Victoria and Albert Museum, London
9 September-5 December 2004
Dresser was born in the same year as William Morris. However, while Morris has enjoyed extensive and continuing historical and critical coverage since his lifetime, Dresser has been given little detailed attention, only being mentioned briefly in general histories of design. Astonishingly, the first monograph on Dresser did not appear until 1990. Hitherto the paucity of Dresser scholarship has tended to distort the true scale and nature of his achievement, on the one hand ignoring the immense variety of his output, and on the other portraying him as an inexplicable visionary.
This exhibition, accompanied by the publication of a magnificent monograph edited by Michael Whiteway, provides an unprecedented opportunity to see Dresser in perspective and evaluate the scale of his achievement.
Given what we now know about his extensive talents, Dresser would have had at least three career paths open to him: artist, botanist and designer. His energy and sensibilities would have equipped him as a successful artist, and certainly a more significant artist than many of the hacks who stocked the Royal Academy of his day. However, his early entry aged 13 into the Government School of Design precluded this possibility. Its students were expressly forbidden to study the human form, which in Victorian times was the essential prerequisite to recognition as an artist.
Dresser became a botanist of the first rank in his twenties, being awarded a doctorate at the age of 25 by the University of Jena on the basis of his publications, and later standing as a credible candidate for the Chair of Botany at University College London. Although he was not appointed, Dresser continued to enjoy respect and honours at the highest academic level, researching, publishing and lecturing widely.
With the two professional avenues of art and botany closed to him, Dresser poured his considerable energies into designing for the burgeoning mass-production industries of his day. The penetrating research he might otherwise have devoted to botany, he committed instead to a thorough understanding of function, materials and production processes. The profound sensibilities that he might otherwise have devoted to art, he lavished upon the creation of ingenious and dynamic surface design for all kinds of artefacts.
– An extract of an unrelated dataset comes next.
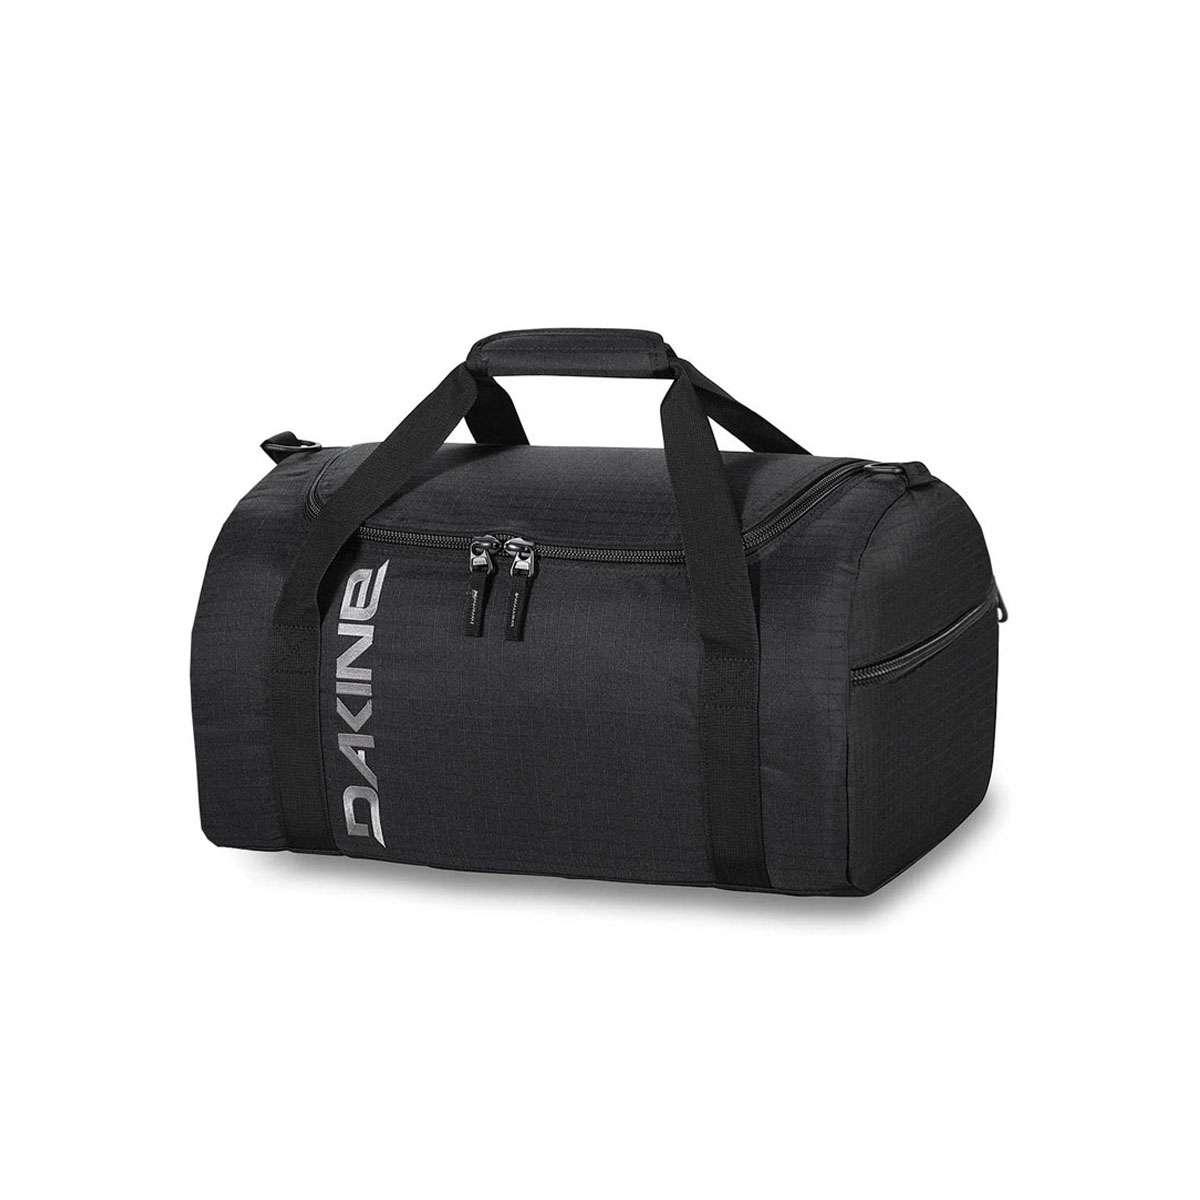 1121875e510be Dakine EQ Bag 23L Sporttasche Black

Dresser designed for numerous manufacturers and almost every kind of artefact in production including textiles, wallpaper, tableware, ceramics and furniture. Stylistically, his work falls into three broad categories. First, there are the ornamental surface designs, often based upon botanical forms. Although distinctly 'period' in character, they still radiate the energy and sensitivity of their creator. Secondly, there is a class of functional objects, principally in ceramic and metal, which reflect two potentially conflicting design trends: on the one hand a kind of 'metal-bashing' Medievalism with scalloped edges and prominent rivets, and on the other a Japanese-inspired Minimalism. Dresser's visit to Japan in 1876/7 proved to be a life-transforming experience for him and led him to rethink almost every aspect of his practice and design philosophy.
The third category of his output comprises a group of designs in metal and glass for tableware and utensils, which he produced in the late 1870s and 1880s. What is so astonishing about these designs is that they are almost entirely without any kind of ornamentation except for the occasional gesture in that direction. The then novel technique of electroplating lends an astonishing modernity to many of his designs which, to revert to my opening observation, might lead even the experienced eye to place them 50 or perhaps 100 years later.
One can see in these works the quest for purity of form and the elimination of irrelevant detail, which preoccupied so many of the design movements that followed Dresser. The highly reflective electroplated surfaces combined with glass imparts an almost ethereal quality, permitting objects to hover delicately in space. While most of these remarkable designs produce items that invite handling and use, a small number move so far in the direction of minimalist purity of form that one feels a slight degree of uneasiness that perhaps the quest for geometric purity is taking a path away from practicality and function. One can detect the beginnings of a geometric puritanism which, taken to extremes, in later designers culminated in a kind of Bang and Olufsen inscrutability.
By 1879 Dresser was a highly successful designer, in terms of both financial rewards and critical acclaim. In that year he formed with Charles Holme [Holme would later (in 1893) found the Studio magazine] the company Dresser and Holme, dedicated to the import of Japanese artefacts. However, in the 1880s manufacturing and trade was overtaken by a massive recession. Dresser, with a large family and extensive business commitments, was forced to retrench dramatically. Although he continued to design up until his death in 1904, he never regained the level of commercial success and professional recognition that he had enjoyed in his heyday before 1880. He became increasingly marginalised, even in those areas of expertise in which he had blazed a trail.
This exhibition, combined with the monograph, is essential viewing and reading, not only for those involved in the history of design, but anyone with an interest in 19th century culture. It graphically exposes so many of the paradoxes and contradictions that pervaded the world of the Victorians: the conflict between ornament and function, the hierarchical structure of professions, the dialogue between the indigenous and the exotic, and the often heroic struggle of individuals to be true to themselves while entering into a pact with society.